Jakarta-Saberpungli.Com|
Wakil Ketua Komisi Pemberantasan Korupsi (KPK) Alexander Marwata meminta semua pihak berhenti menyerukan boikot pembayaran pajak. Ini karena pembayaran dan pelaporan pajak merupakan kewajiban seluruh masyarakat.
Apalagi, bulan ini menjadi batas akhir pelaporan Surat Pemberitahuan (SPT) Tahunan pajak periode 2022 khusus untuk pajak penghasilan (PPh) orang pribadi yang tepatnya pada 31 Maret 2023. Sementara itu untuk pelaporan SPT PPh Badan pada 30 April 2023.
“Terkait masalah pajak kami juga imbau bulan Maret ini bulan untuk penyampaian SPT. Jangan ada lagi suara suara untuk melakukan pemboikotan pajak itu,” kata Alexander saat ditemui di kantor Kementerian PANRB, Jakarta, Jumat (10/3/2023).
Pembayaran pajak kata dia tidak hanya digunakan negara untuk pemberian subsidi bagi masyarakat hingga pembangunan, namun juga untuk memastikan roda pemerintahan berjalan, termasuk peroses pencegahan dan penindakan kasus korupsi.
“Kalau pajak sampai diboikot kami enggak bisa kerja, termasuk dalam rangka memperbaiki tata kelola tadi, membangun pemerintahan berbasis elektronik, semua butuh dana dan dana itu dari pajak,” ujar Alexander.
Ia pun memastikan, proses penanganan kasus-kasus yang terindikasi berupa tindak pidana korupsi, baik dalam bentuk suap maupun gratifikasi hingga kini terus dilaksanakan KPK. Termasuk terhadap oknum-oknum yang menyalahgunakan jabatannya di Direktorat Jenderal Pajak atau lainnya seperti Rafael Alun Trisambodo (RAT).
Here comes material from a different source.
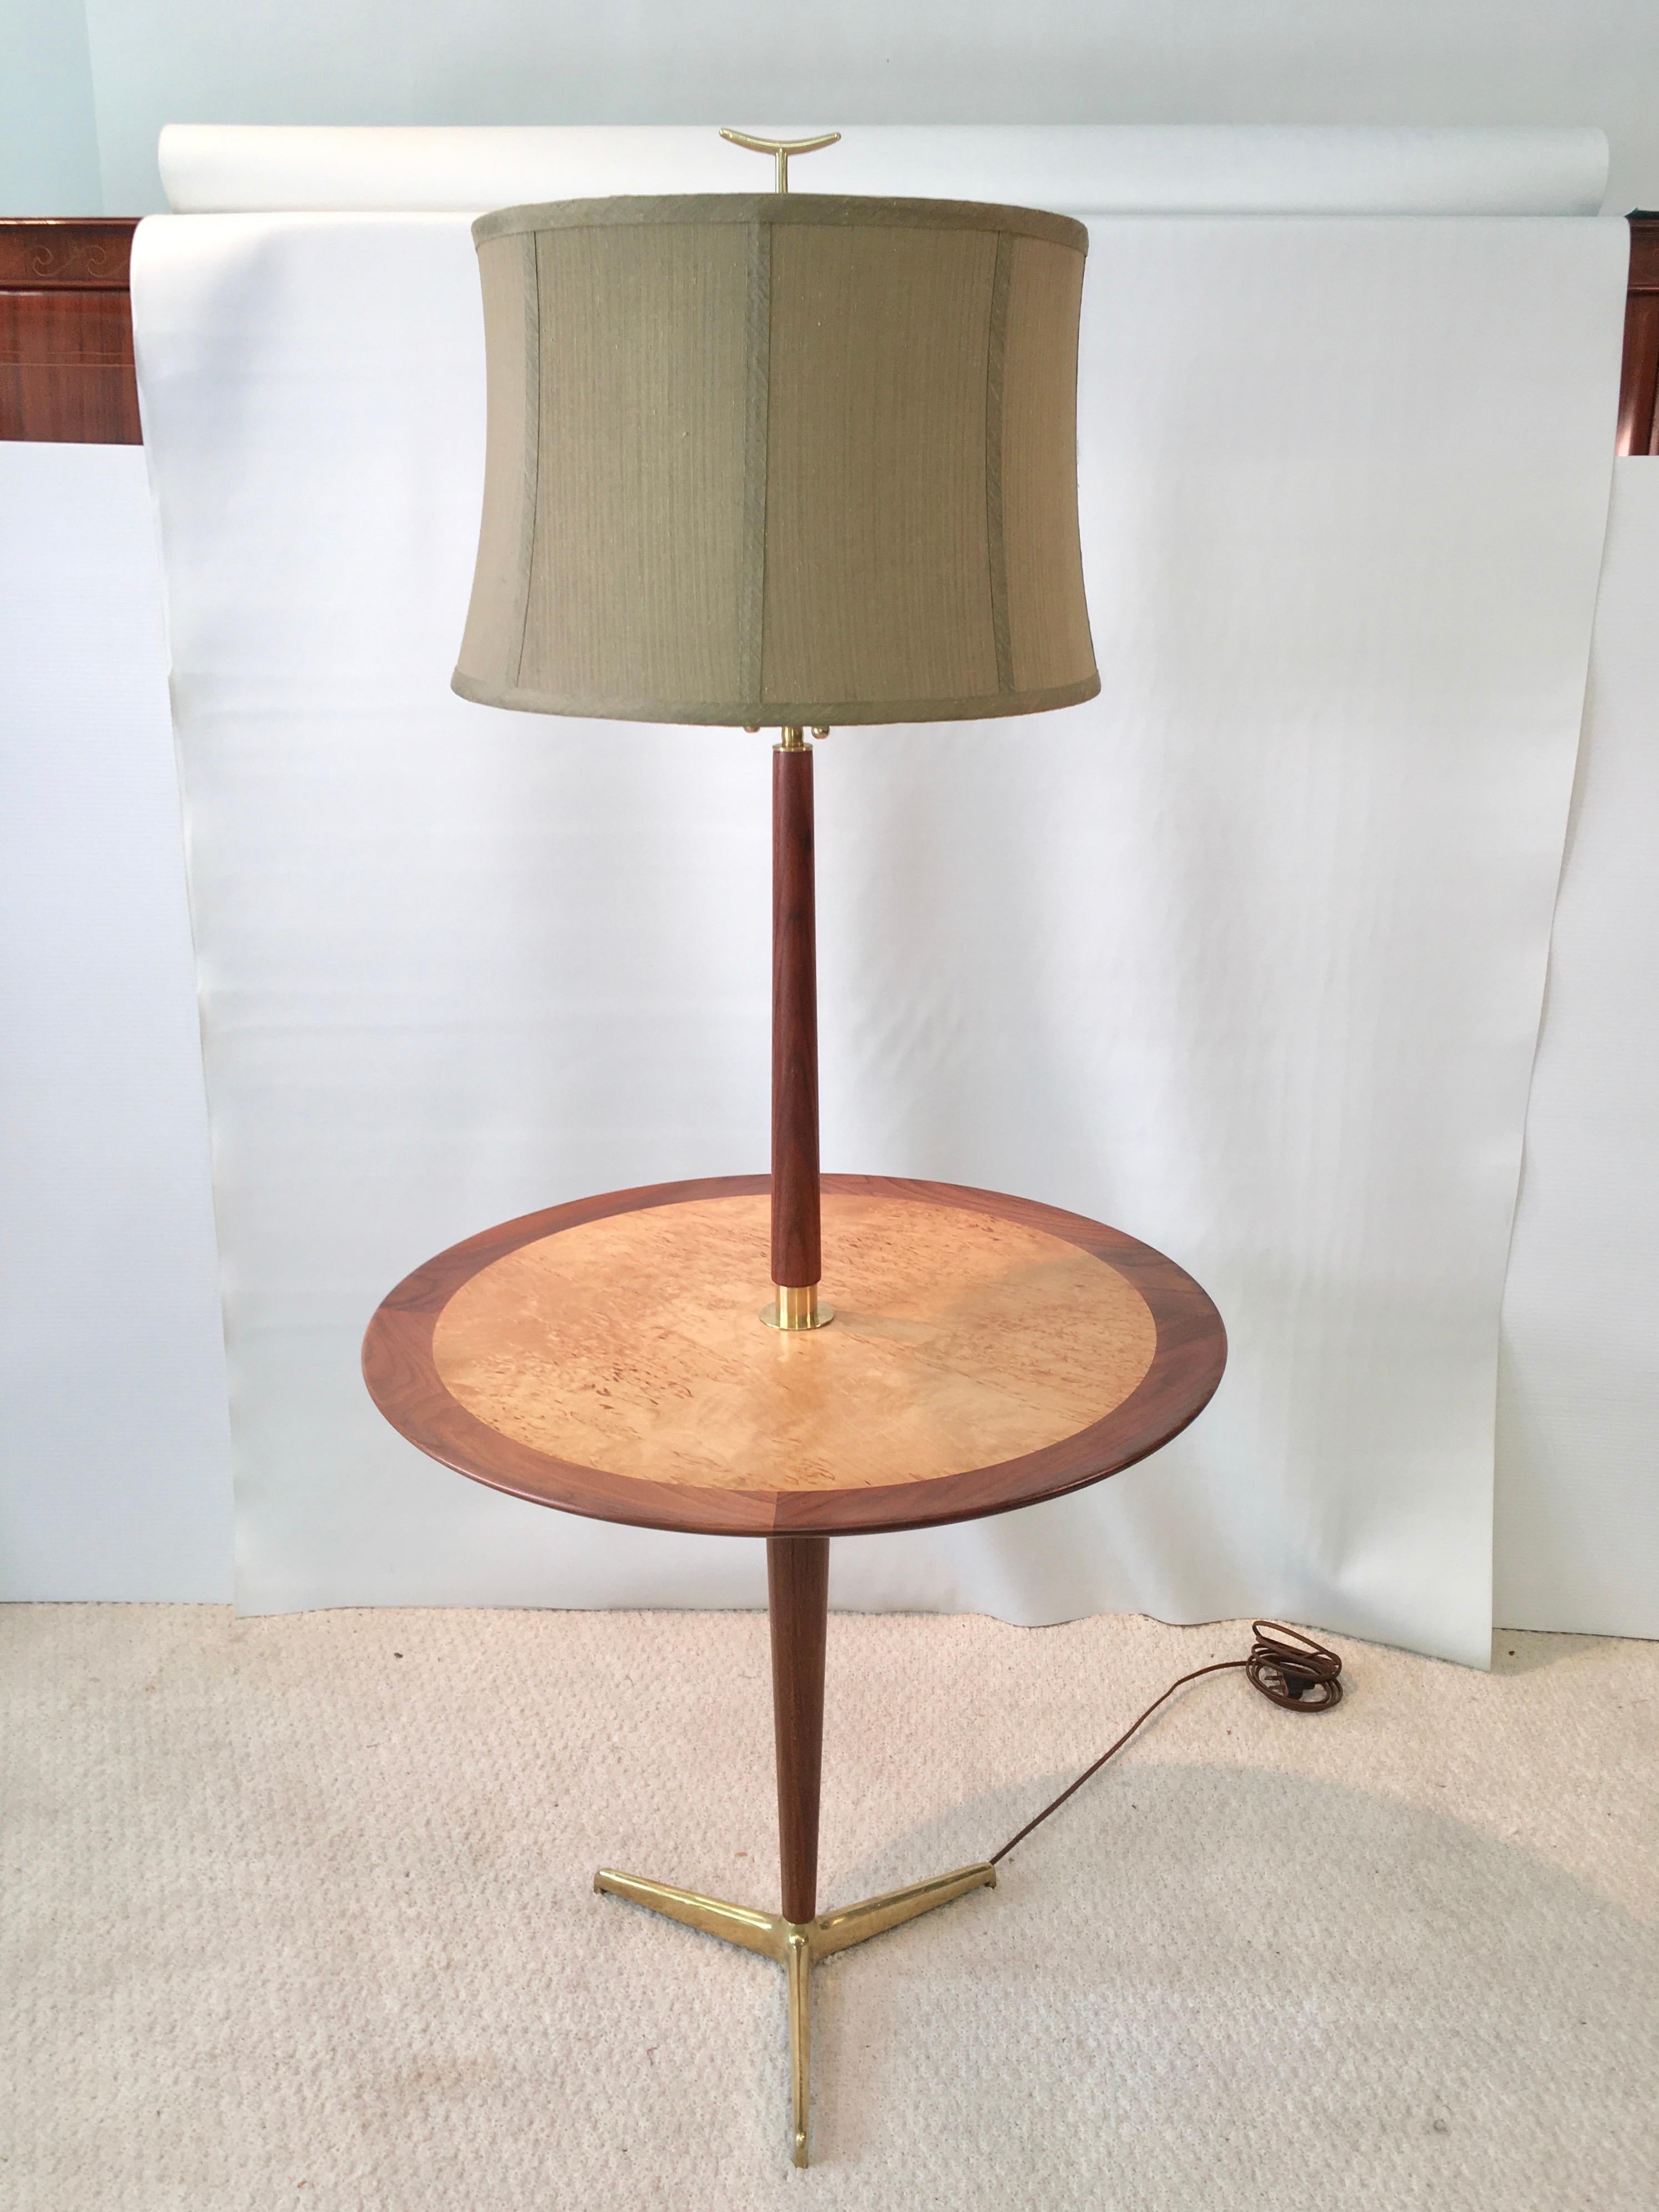 Rare ensemble lampadaire/table à manger Dunbar, modèle 4856, conçu par Edward Wormley vers 1948. Etiquette d'origine de Dunbar sur le dessous. Pieds effilés en noyer et tige de lampe. Plateau rond, 25

Namun, Alexander mengingatkan, tindak pidana korupsi tidak hanya berpotensi dilakukan oleh pihak-pihak yang berada di Direktorat Jenderal Pajak atau Direktorat Jenderal Bea dan Cukai sebagaimana yang menjadi sorotan saat ini karena pejabatnya bergaya hidup mewah. Di KPK sendiri potensi korupsi itu menurutnya ada.
“Saya tidak menjawab terkait oknum tertentu, tapi kami sampaikan saja di setiap lembaga, instansi pemerintah, pasti ada oknum-oknum tidak baik, di KPK saja ada. Di lembaga pemberantas korupsi ada oknum yang melakukan itu,” tegas Alexander.
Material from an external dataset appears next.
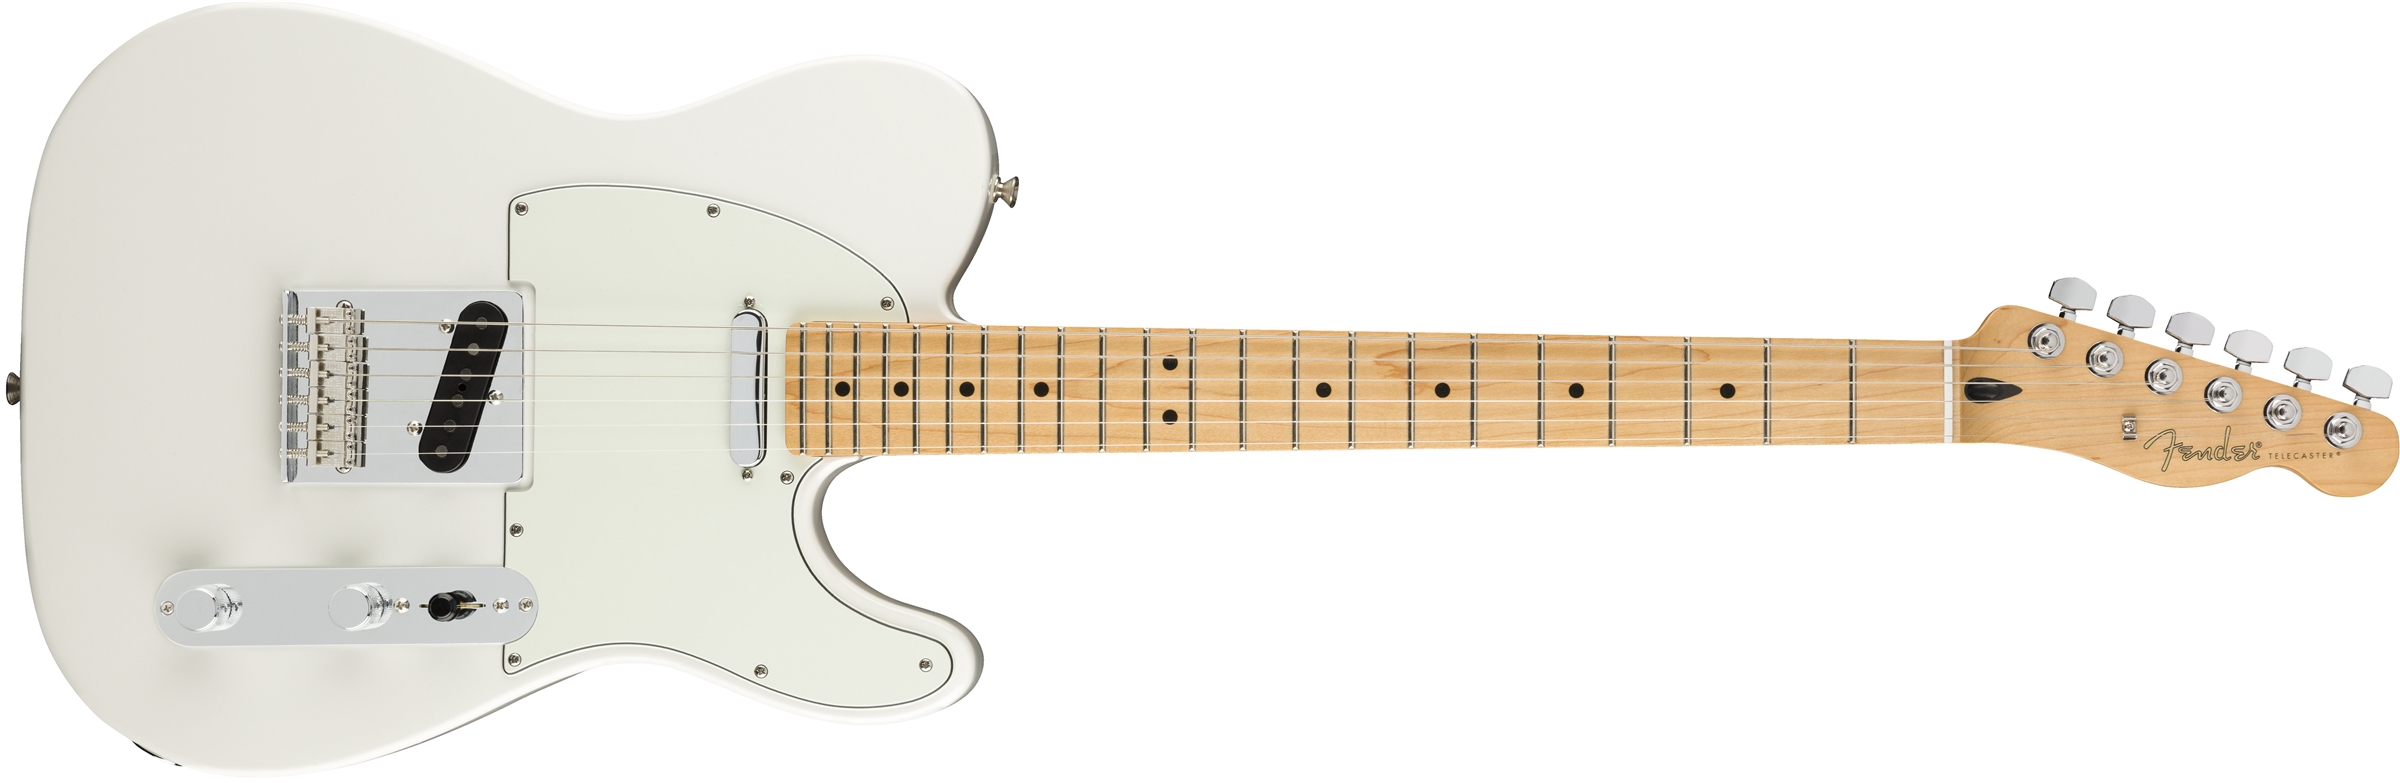 Fender Tele Player Mex Mn - Polar White - E-Gitarre in Teleform - Variation 1

Oleh sebab itu, yang terpenting saat ini bagi pemerintah adalah memperbaiki sistem pendeteksian dini terhadap pihak-pihak yang berisiko melalukan tindak pidana korupsi. Caranya dengan memperbaiki sistem-sistem pengawasan yang terbukti hingga kini belum berjalan optimal.
“Misalnya dari sistem manajemen kepegawaian tadi bisa kita petakan pegawai tersebut apakah berintegritas atau tidak, kita bisa lihat dari catatan catatan prestasi yang bersangkutan,” ungkapnya.
“Apakah yang bersangkutan pernah dihukum dan lain sebagainya masuk di situ karena sistem ini belum berjalan dengan baik, bisa jadi ketika ada promosi untuk isi jabatan ada unsur like and dislike unsur kedekatan dan lain sebagainya. Sistem itu yang akan dibangun,” tutur Alexander.